紫云矿脉的突发事件,以五名伤员被紧急送回宗门、丙字矿道暂时封锁而告一段落。后续的勘察定论是“矿脉地质不稳,引发局部坍塌”,属于意外事故。但参与救援的弟子们私下议论,总觉得那洞内残留的刺骨寒意和异常的坍塌痕迹,透着些许古怪。
江辰小组的任务期限已到,乘坐飞舟返回宗门。一路无话,林风几次想与江辰讨论王胖子之事,见江辰始终一副沉思模样,便也按下不提。
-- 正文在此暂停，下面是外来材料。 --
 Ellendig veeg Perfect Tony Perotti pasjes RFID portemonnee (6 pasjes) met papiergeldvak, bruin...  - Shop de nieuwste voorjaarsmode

回到外门石屋,江辰第一时间检查了腰间的清心玉符。楚亦辰那边似乎并未对这次任务有特别关注,玉符传来的感应一切正常,看来一次普通的矿脉护卫任务,并未引起这位内门天才的过多注意。
是夜,月黑风高。
江辰正在屋内打坐,心神却留意着外界。约莫子时刚过,一道极其微弱、带着刻意遮掩气息的仙力波动,如同投入湖面的石子,轻轻触动了江辰布设在石屋外围的一道警戒禁制。
来了。
江辰睁开眼,悄无声息地来到门后。透过缝隙,只见一个臃肿的黑影鬼鬼祟祟地溜到门前,正是王胖子,王富贵。他伤势似乎好了大半,但脸色依旧有些苍白,眼神中充满了紧张和忐忑。
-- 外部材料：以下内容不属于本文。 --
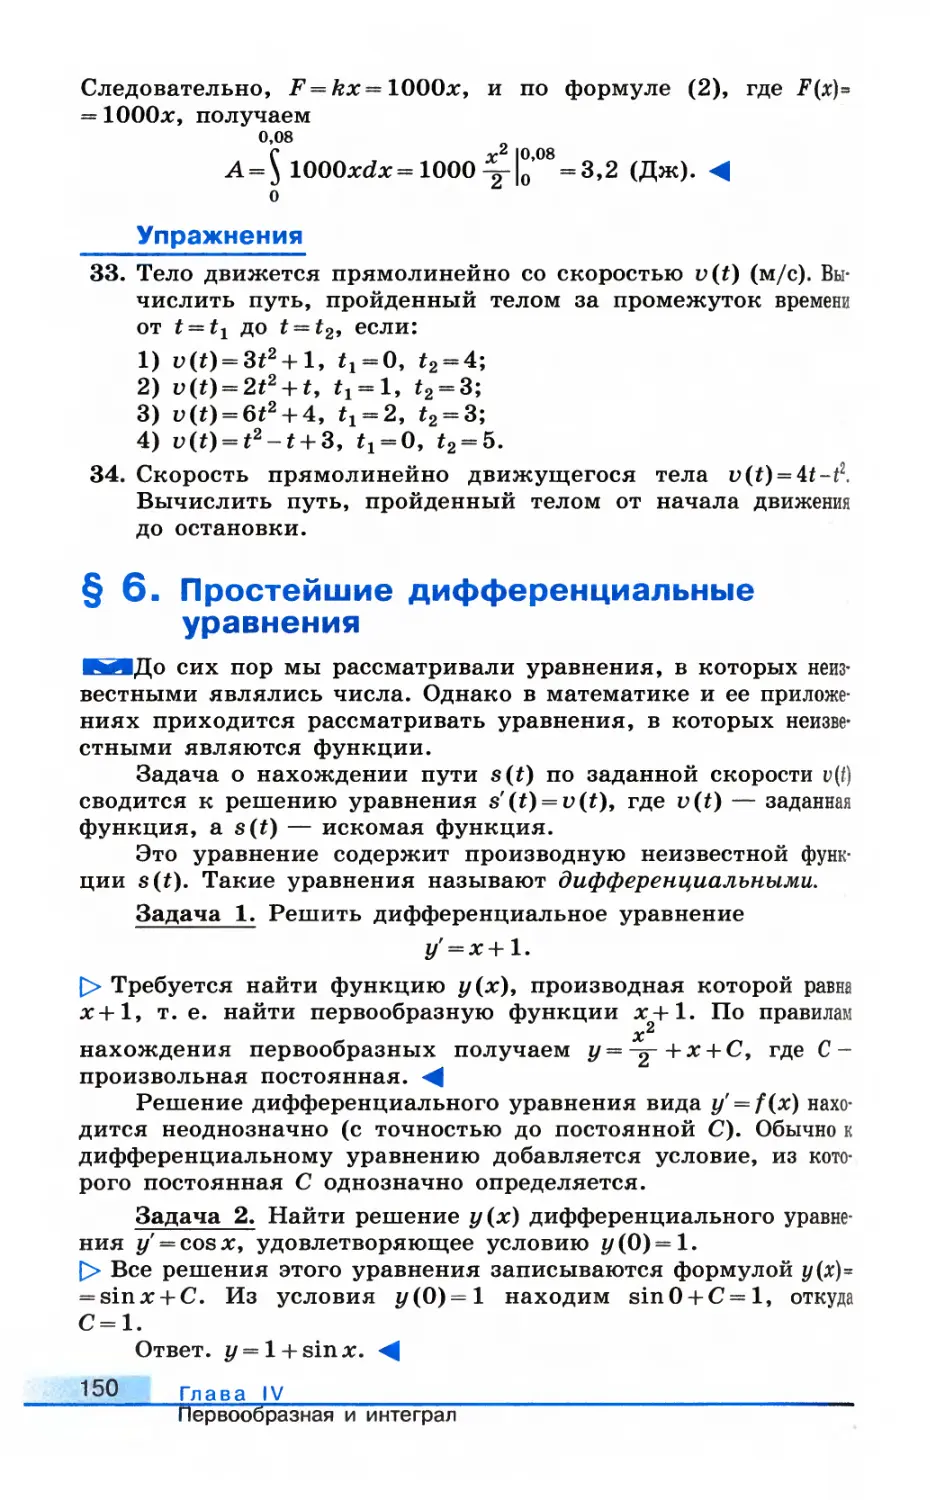 § 6. Простейшие дифференциальные уравнения

江辰拉开一道门缝,王胖子如同受惊的兔子般钻了进来,反手迅速将门关上,背靠着门板大口喘气。
“王师兄,深夜造访,所为何事?”江辰语气平淡,点亮一盏昏暗的油灯,昏黄的光线映照着王胖子惊魂未定的脸。
王胖子喘匀了气,脸上挤出一个比哭还难看的笑容,对着江辰深深一揖:“陈…陈师弟,不不不,陈师兄!多谢师兄那日矿洞救命之恩!王某没齿难忘!”
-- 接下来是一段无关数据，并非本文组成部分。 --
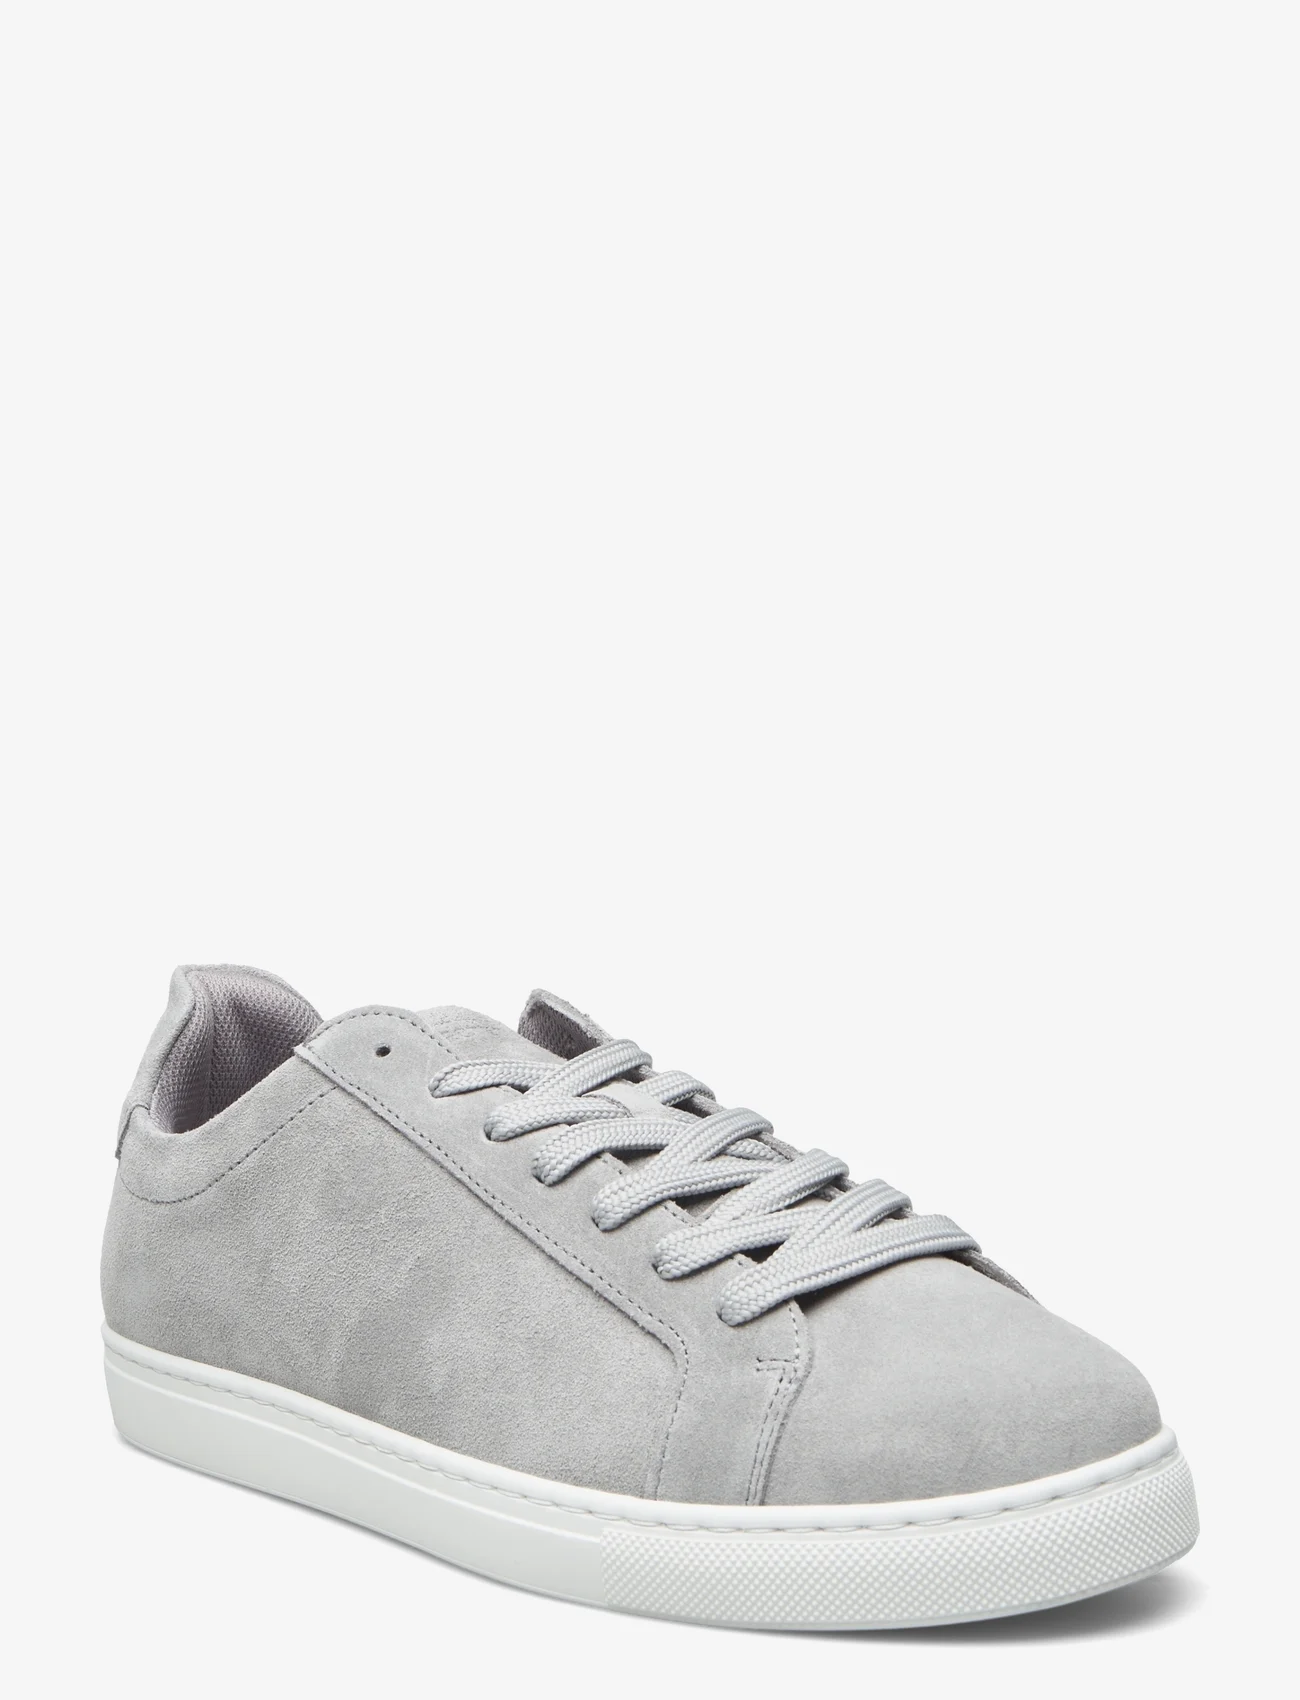 Selected Homme - SLHEVAN NEW SUEDE SNEAKER - laag sneakers - grey - 0

江辰摆摆手,示意他坐下:“同门相助,分内之事。王师兄伤势未愈,不必多礼。”
王胖子却不肯坐,搓着手,压低声音,急切地道:“陈师兄,明人面前不说暗话!那日在矿洞,我老王欠你一条命!我说话算话,关于那广场上的破石头,我知道的秘密,绝不藏私!”
江辰目光平静地看着他,不置可否:“哦?愿闻其详。”
王胖子咽了口唾沫,眼神中闪过一丝恐惧,声音压得更低:“那石头…根本不是什么‘星陨宗’的阵法基座!那是我为了卖消息胡诌的!它的来历…比那可怕得多!”